In my opinion they have different indications and sometimes overlapping.
In children postop there is a dip in lv function that can be managed with norepi. Some centers use norepi routinely. On the other side, for example, if you have a patient on amiodarone and becomes hypotensive, vasopressin is probably a better choice to provide vasoconstriction without aggravating the primary arrhythmia.
As Dres Donatelli and Neema have already indicated norepinephrine has several advantages. In our experience vasopressin is added if there is vasoplegia, e.g. in endocarditic patients. In case of high output failure (with preserved LV function) we will give methyleneblue to get vasoreactivity. It is not advisable to use it in patients with poor LV function.

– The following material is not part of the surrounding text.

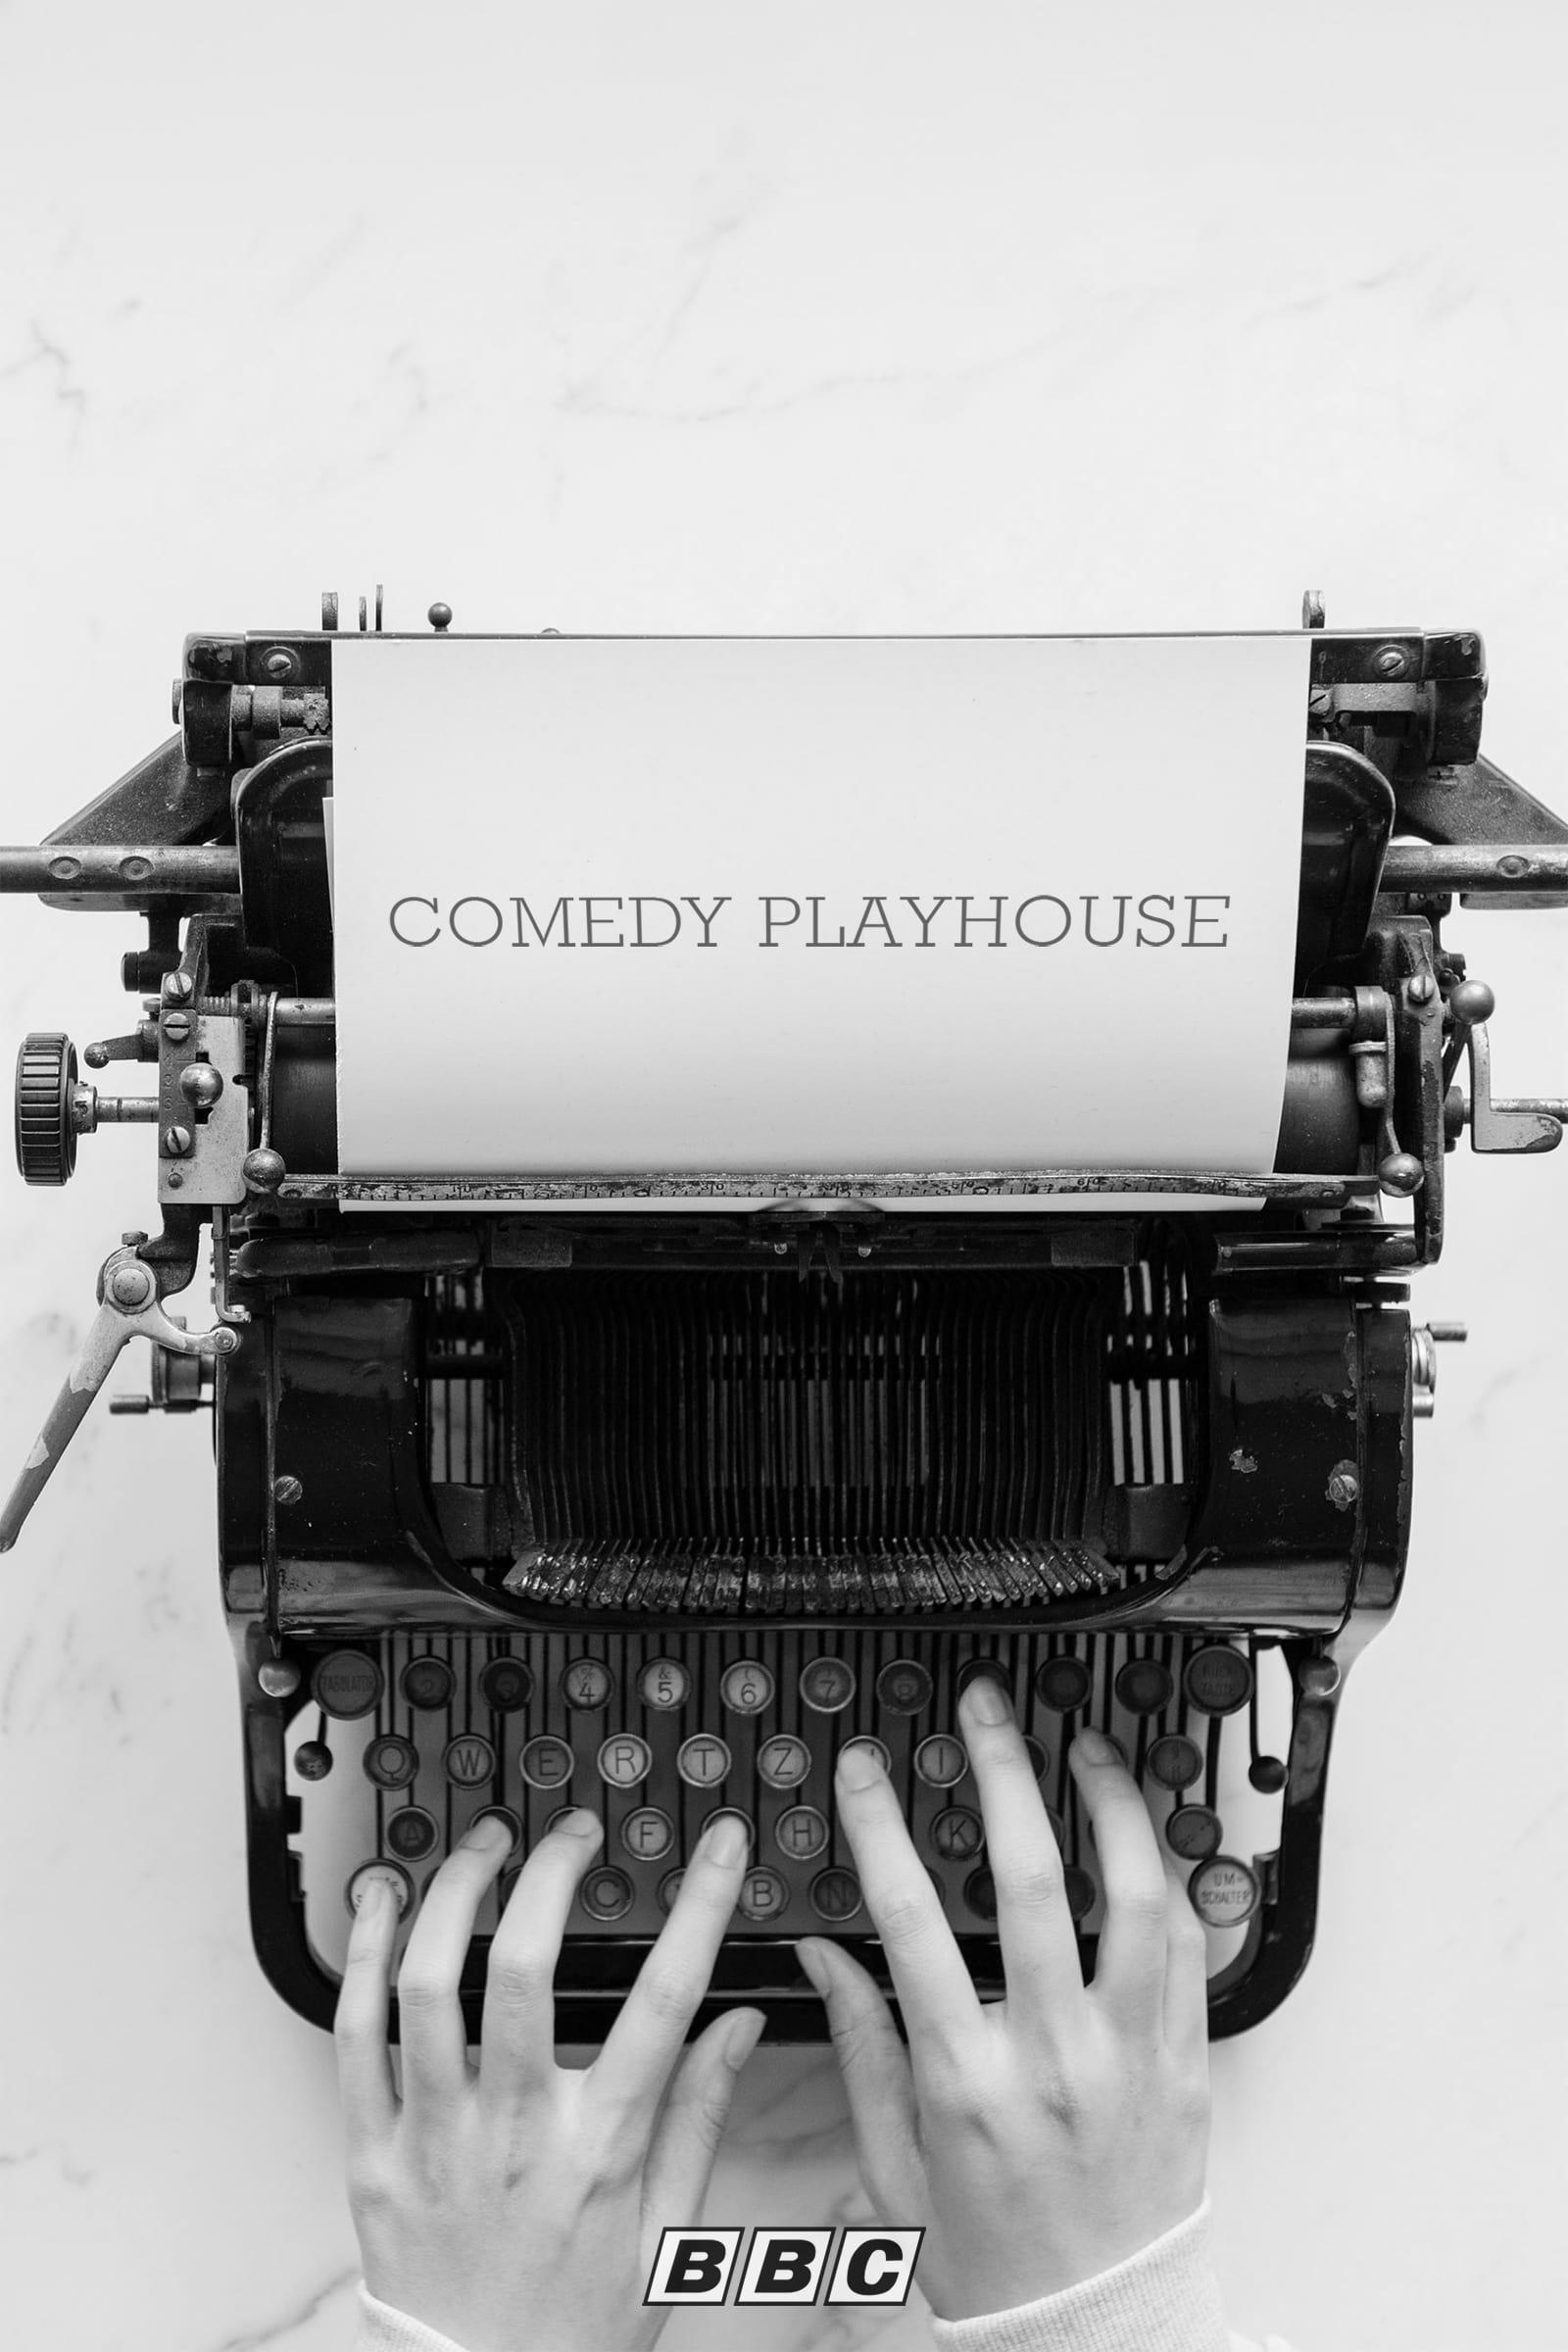 Comedy Playhouse (1961)

The answer is quite simple. Norepinephrine is the first line vasoactive drug in most centers. However, quite an amount of patients do not respond to increasing doses when suffering from vasoplegia. Here vasopressin at an intial dose of 0.5 to 1.0 I.U/h might revert vasoplegia. As Dr. Aleksic mentioned, in case of severe vasoplegia in combination with preserved LV-Fx methylene blue administered at 1.0 to a max. of 3.0 mg/Kg body weight might be a reasonable alternative. Here I recommend starting at a low dose (0.5-1 mg/kg) and a careful titration until patient response. Avoid overexceeding the maximum dose to avoid toxicity. Before switching to second line vasoactive drugs, care has to be taken, that both volume status and pH has been normalized. Swan-Ganz catheterization is absolutely mandatory in this setup.
Vasopressin does not affect pulmonary vascular resistance and is of benefit when RV impairment is a concern. However as already discussed Norepinephrine is first-line in most instances.